BEGIN RAW DATA
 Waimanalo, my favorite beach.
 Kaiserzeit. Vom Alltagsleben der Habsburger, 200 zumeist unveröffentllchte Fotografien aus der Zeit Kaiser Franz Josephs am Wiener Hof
END RAW DATA
BEGIN RAW DATA
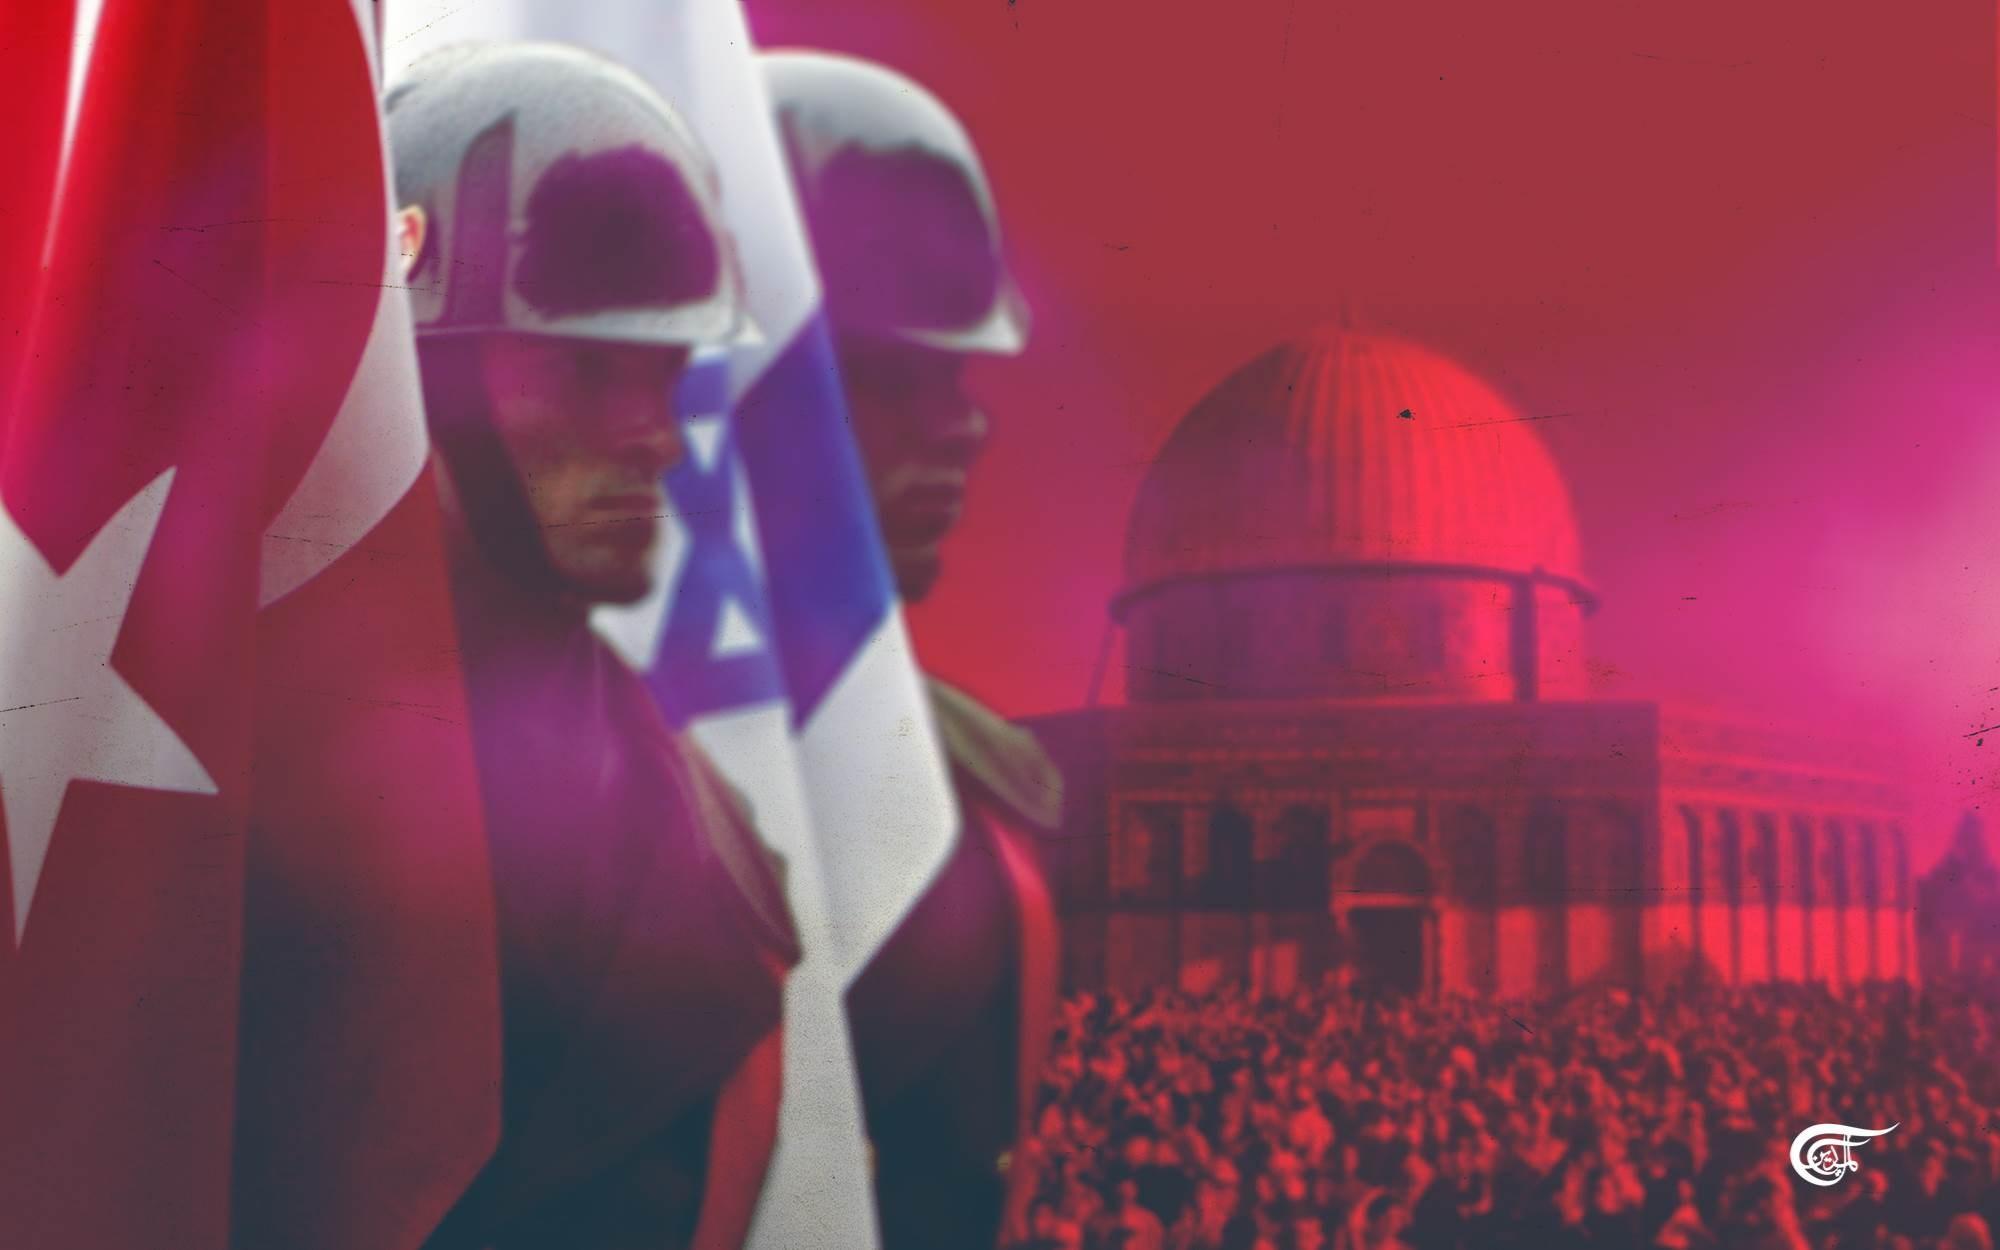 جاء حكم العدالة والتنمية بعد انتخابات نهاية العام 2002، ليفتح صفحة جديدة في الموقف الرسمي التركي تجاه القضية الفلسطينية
END RAW DATA
BEGIN RAW DATA
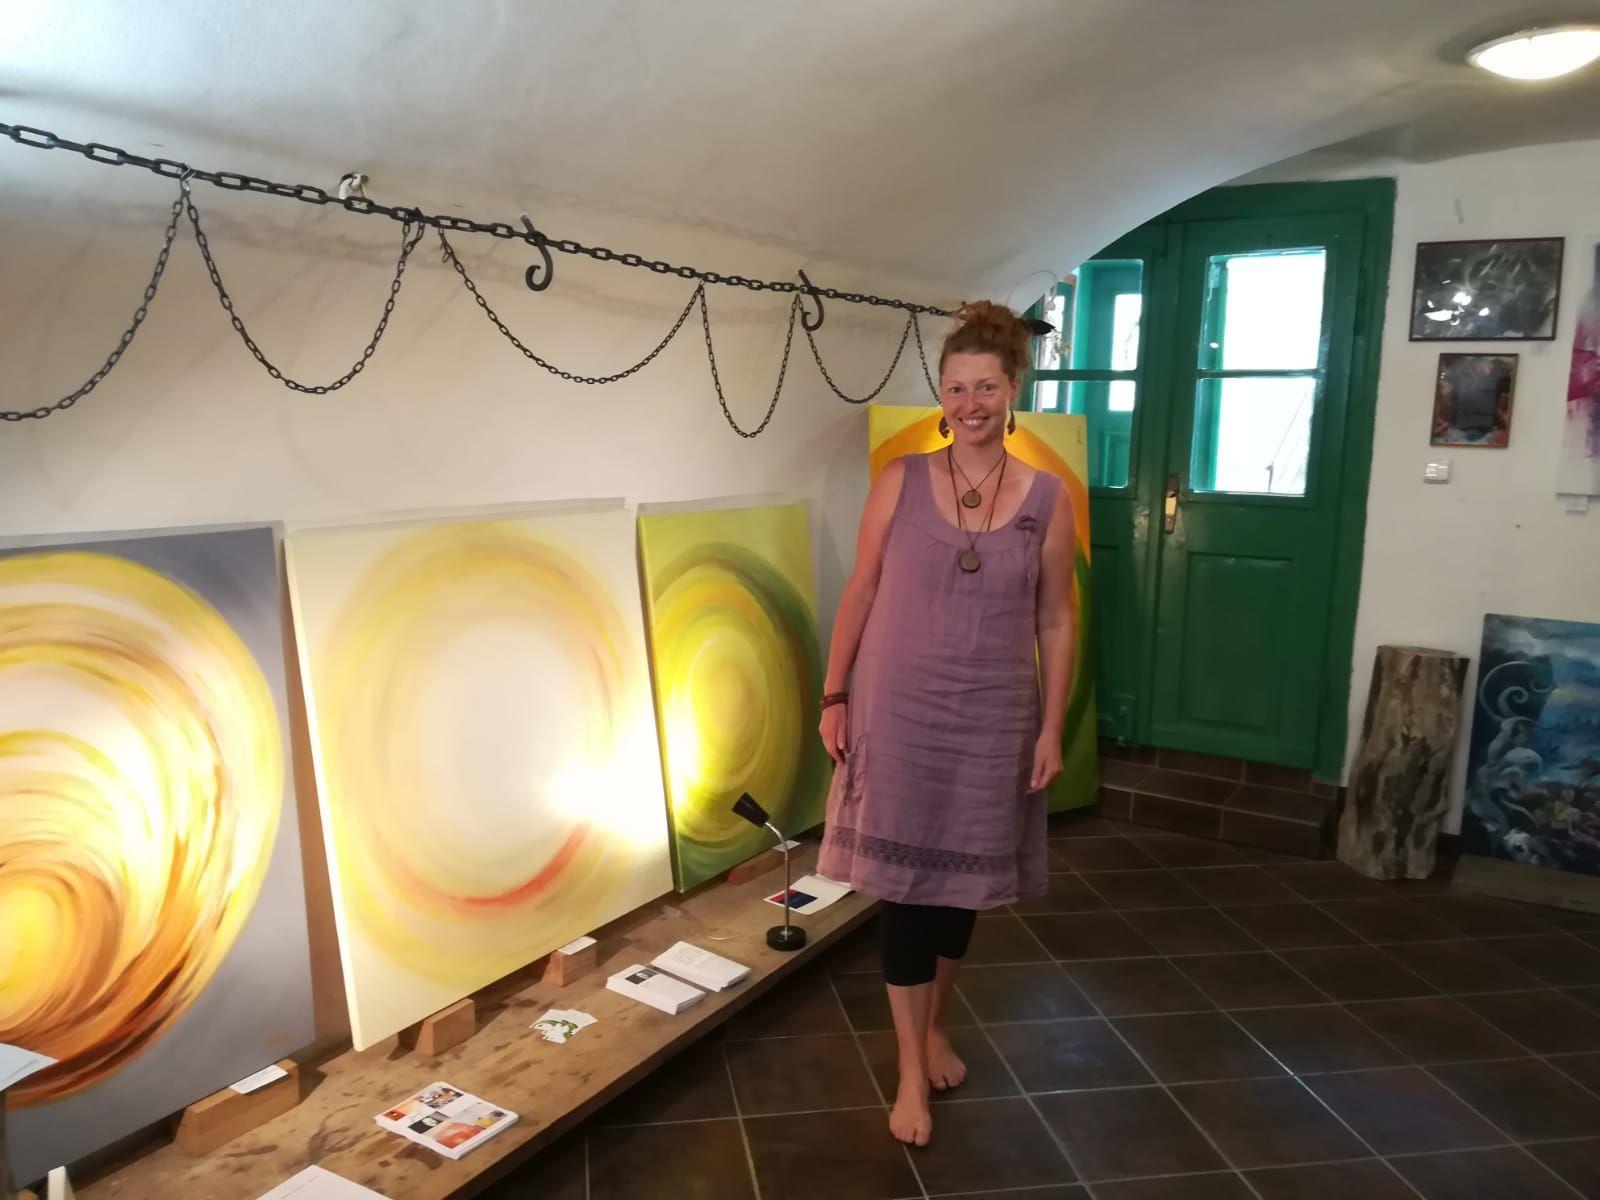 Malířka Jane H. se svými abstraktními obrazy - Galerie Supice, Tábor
END RAW DATA
EXERCISE BRIEF: Everything from the line with "Waimanalo, my favorite beach." through the line with "Kaiserzeit. Vom Alltagsleben" should be written out exactly as it appears above, end lines included, and nothing outside that range.

RESPONSE FOR THIS EXERCISE:
 Waimanalo, my favorite beach.
 Kaiserzeit. Vom Alltagsleben der Habsburger, 200 zumeist unveröffentllchte Fotografien aus der Zeit Kaiser Franz Josephs am Wiener Hof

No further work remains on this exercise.